Another gallery introduces us to Murakami’s studio team, who mix paint, silkscreen, assemble panels and otherwise implement the labor-intensive processes under the artist’s direction, which leads to epic, exceptionally detailed paintings and sculptures. Despite the dependence on so many hands, this facet of Murakami’s practice does not diminish their aura. The rigorous studio machine reinforces the grandeur of his works even as they explain how these works become so larger-than-life.

“The Octopus Eats Its Own Leg” includes plenty of Murakami’ sleekest, pop cultural production: the Kanye collaborations, the colorful mushrooms, and the grinning daisies. The most resonate works are those which appear to be at odds with mass appeal. In "Tan Tan Bo Puking - aka Gero Tan" (2002), the monstrous painting depicts a barely recognizable Mr. DOB oozing from a sharp-toothed, cavernous mouth as other small, floating creatures incite chaos around him. The horizon is very low in this picture, running along the bottom of the scene, and featuring a small cluster of his tiny, smiling daisies oblivious to the technicolor turmoil in the sky above them. The scene is unsettling and fantastical, the mouse’s colorful bile flowing like rivers of paint. After seeing how the young Murakami took jabs at the canon, we feel the dig here at the practice of painterly abstraction.

Murakami dispenses with his graphic, branded figures in the mid-to-late 2000s in favor of “the pursuit of timelessness,” opting for historical imagery like dragons, lions and monks. And, while his rendering is still the epitome of control, graphic sleekness is supplanted by planned imperfection. Drips of paint and shifted outlines are visible in "Of Chinese Lions, Peonies, Skulls, and Fountains" (2011), and "Dragon in Clouds - Indigo Blue" (2010) which is actually hand painted. The blue, monochromatic palette harkens to the lapiz lazuli of Murakami’s early Rothko-esque work from 1989.
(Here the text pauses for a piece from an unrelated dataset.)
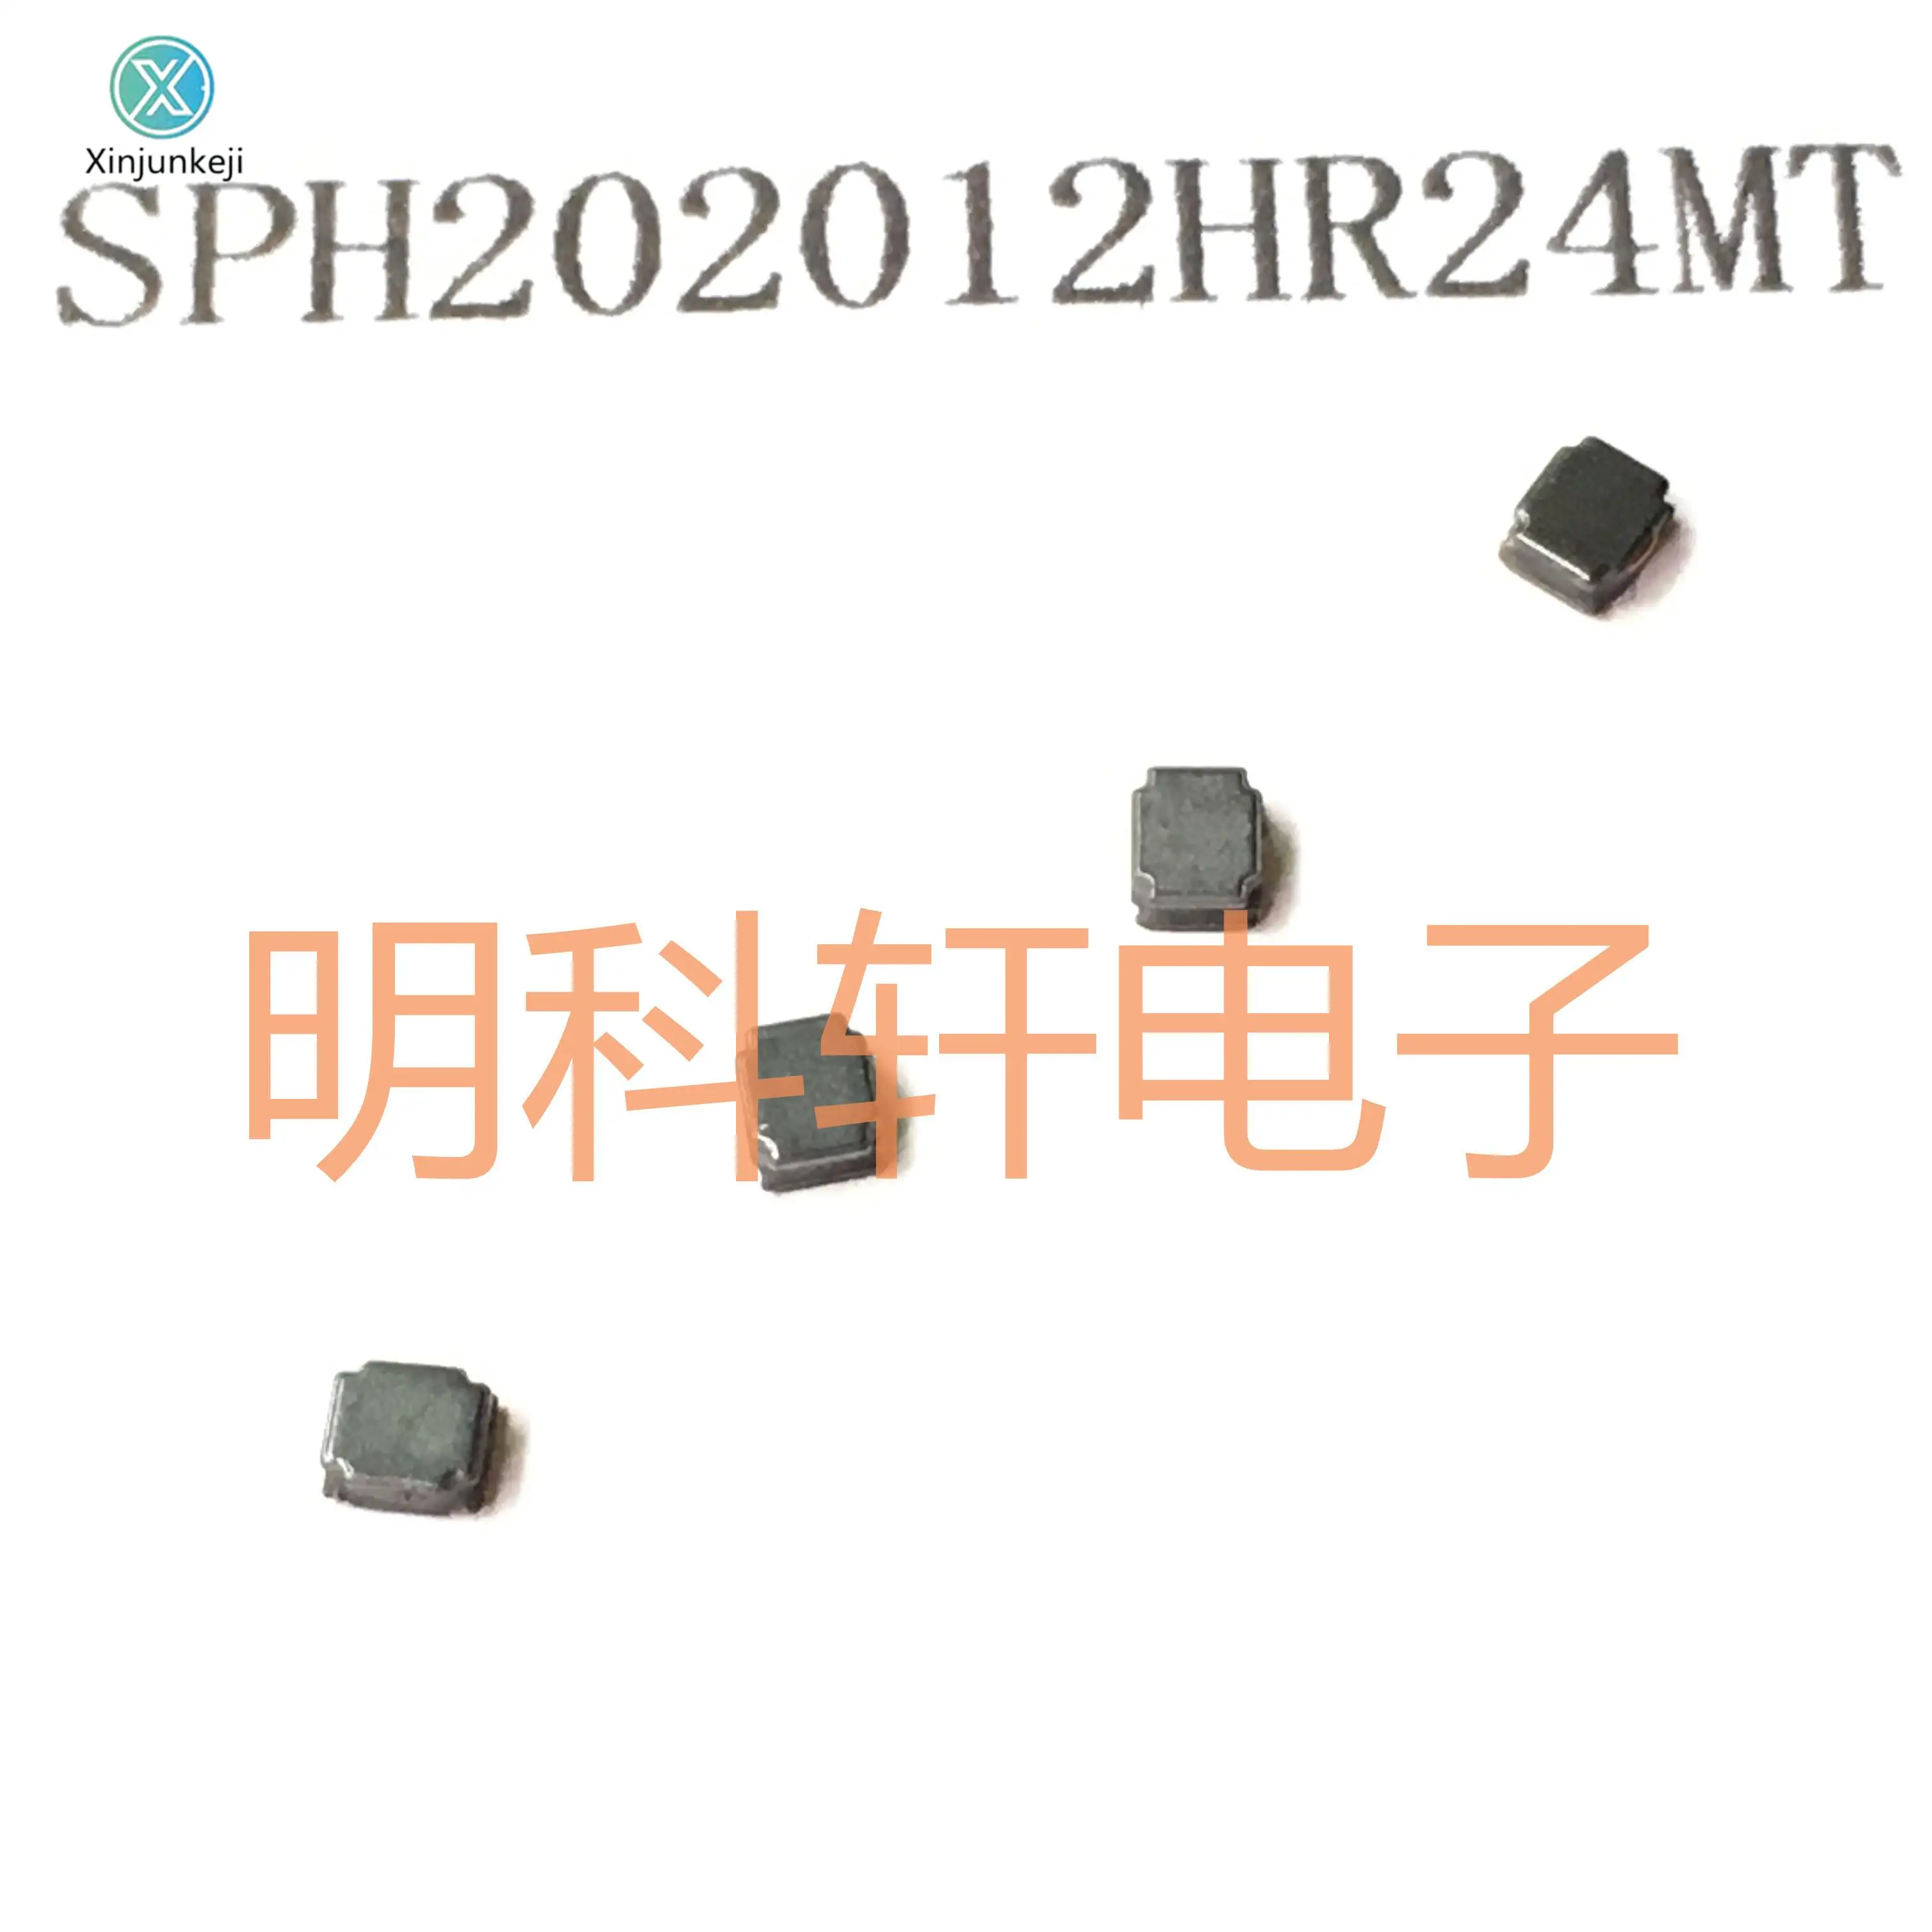 

30 шт. Оригинальный Новый индуктор мощности SPH202012HR24MT SMD 2,0 мкГн 2,0*1,2 *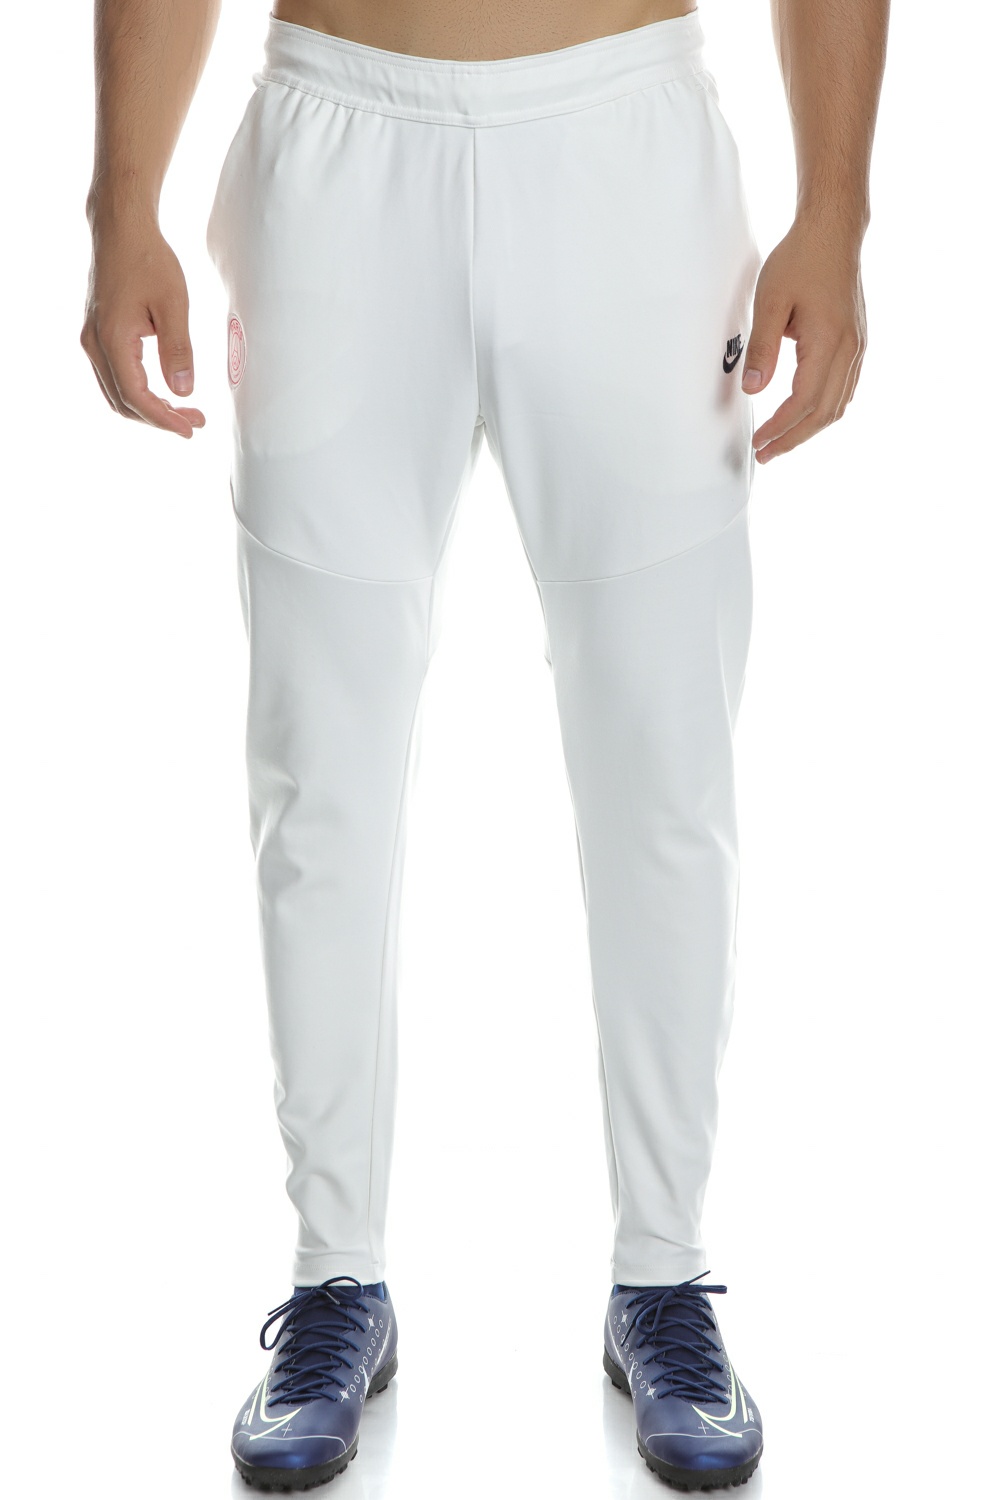 Ανδρικά/Ρούχα/Αθλητικά/Φόρμες NIKE - Ανδρικό παντελόνι φόρμας NIKE PSG MNSW TCH PCK λευκό

A pair of long, jam-packed paintings unfurl like scrolls, "100 Arhats" and "69 Arhats Beneath the Bodhi Tree" (both 2013). Craggy monks, varying from outsized to life-sized to miniature, are compounded with creatures, patterns and symbols. Murakami now freely embraces and intermixes folk, art historical and vernacular visual languages, manifesting them in his own unnerving, kaleidoscopic style. These incredibly rich, strange and detailed scenes are the opposite of the simplicity of the “Hello Kitty”-style motifs of his early inspiration. A lifetime spent looking at Murakami’s extraordinary, mythical narratives would continuously reveal new and different reads and interpretations.